In 2012, elections and polls are scheduled in the United States, Russia, Japan and China, some of the largest contributors to the emission of greenhouse gases.

The November elections in the United States are likely to draw keen interest from environmental campaigners where the Republican Party stands every chance of ousting the Democrats and President Barack Obama, fueling speculation that the climate agreed in Durban could be damaged. A large number of Republicans have not held back in their opposition to both climate change policies and science. Many feel that if the Republicans returned to power many policies directed at mitigating climate changed would either be scrapped or scaled down.

“It is up to the US electorate to choose the kind of leadership it wants for the next term,” the Executive Secretary of the U.N. Framework Convention on Climate Change (UNFCCC), Christiana Figueres, told Reuters. “Yet it is not only the US, but many industrialized countries are having important leadership changes. We will see new blood come on board, hopefully new visions, and a reinvigorated commitment to a topic which is not a partisan issue,” added Figueres.

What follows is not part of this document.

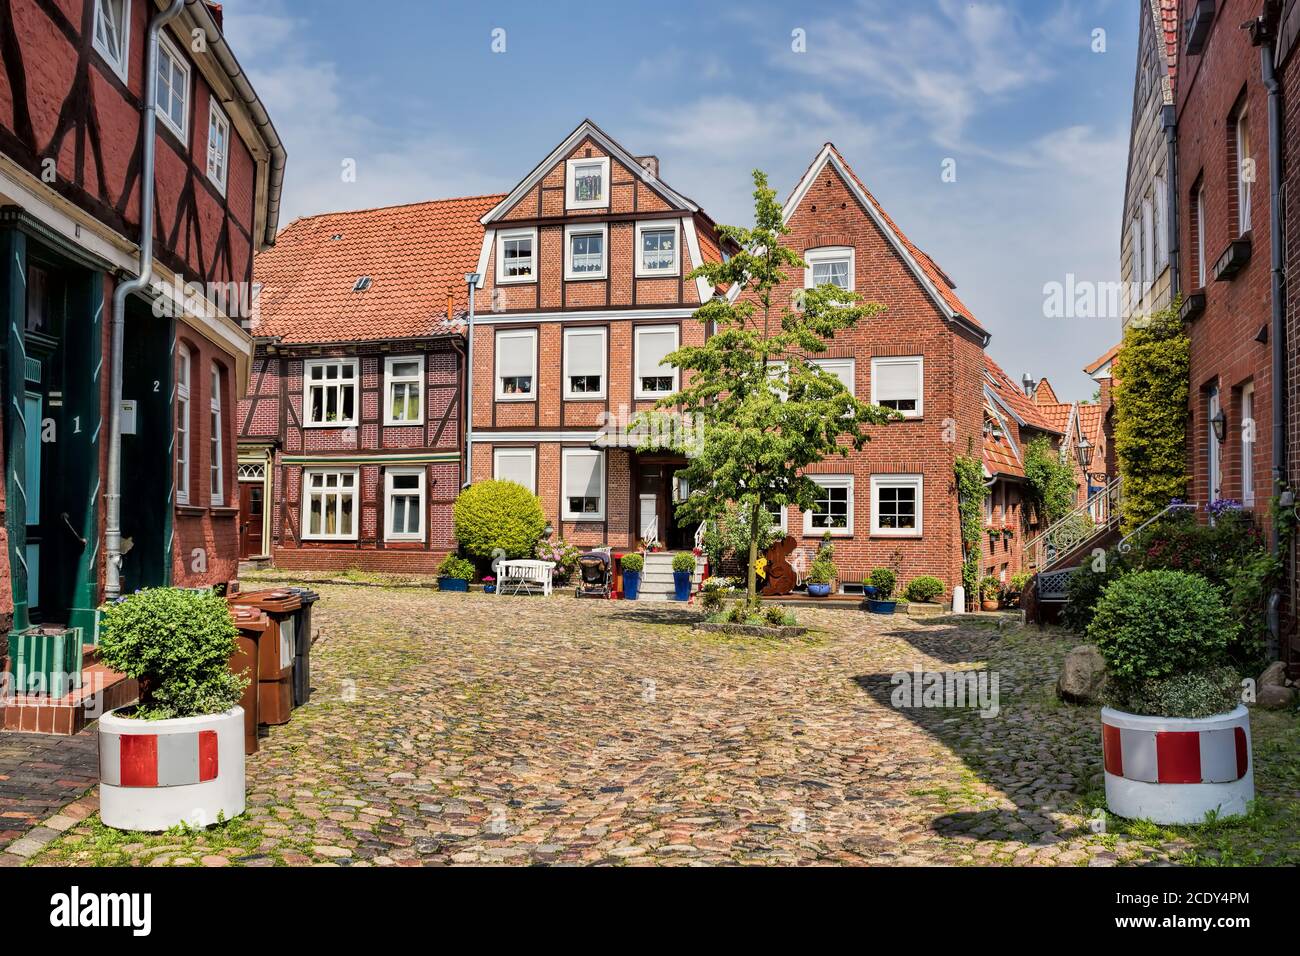 Old town of Stade in Germany Stock Photo

At the United Change Climate negotiations in Durban last month delegates from nearly 200 nations agreed to establish a legally binding treaty by 2015 to combat global emissions, to be enforced from 2020. An interim agreement was also reached to extend the Kyoto Protocol. However, just days after the event the Canadian Environment Minister Peter Kent announced that Canada was to withdraw from the Kyoto Protocol, a decision that will save the nation an estimated C$14 billion in penalties that would have occurred from missing emission targets set within the 1997 agreement. At the time of the referral Kent blamed an “incompetent liberal government” for setting unrealistic targets. Figueres though sees this as a minor set back and that Canada’s decision should not undermine future progress of a new deal. “It's like all the race horses are behind the starting gates and one bolts out. The loss of that horse will only delay the country's own economic transformation and make it less competitive in the future,” she said. “Durban did not solve the climate change problem but no single conference will do that,” she added.

With the Kyoto protocol due to expire at the end of this year and the new accord set to begin on January 1st 2013, world leaders will have their work cut out during 2012 to draft a treaty that not only suits all parties but determines whether the length of the second phase will be five or eight years. “This year countries have given themselves the longest and most ambitious set of tasks. Some may call it an 'administrative' year but I call it doing the necessary foundation work to allow countries to enter constructive discussions for a new legal instrument, added Figueres. “Since Kyoto's (second phase) starts on January 1, 2013, we have to define the length of that this year - obviously the sooner the better.”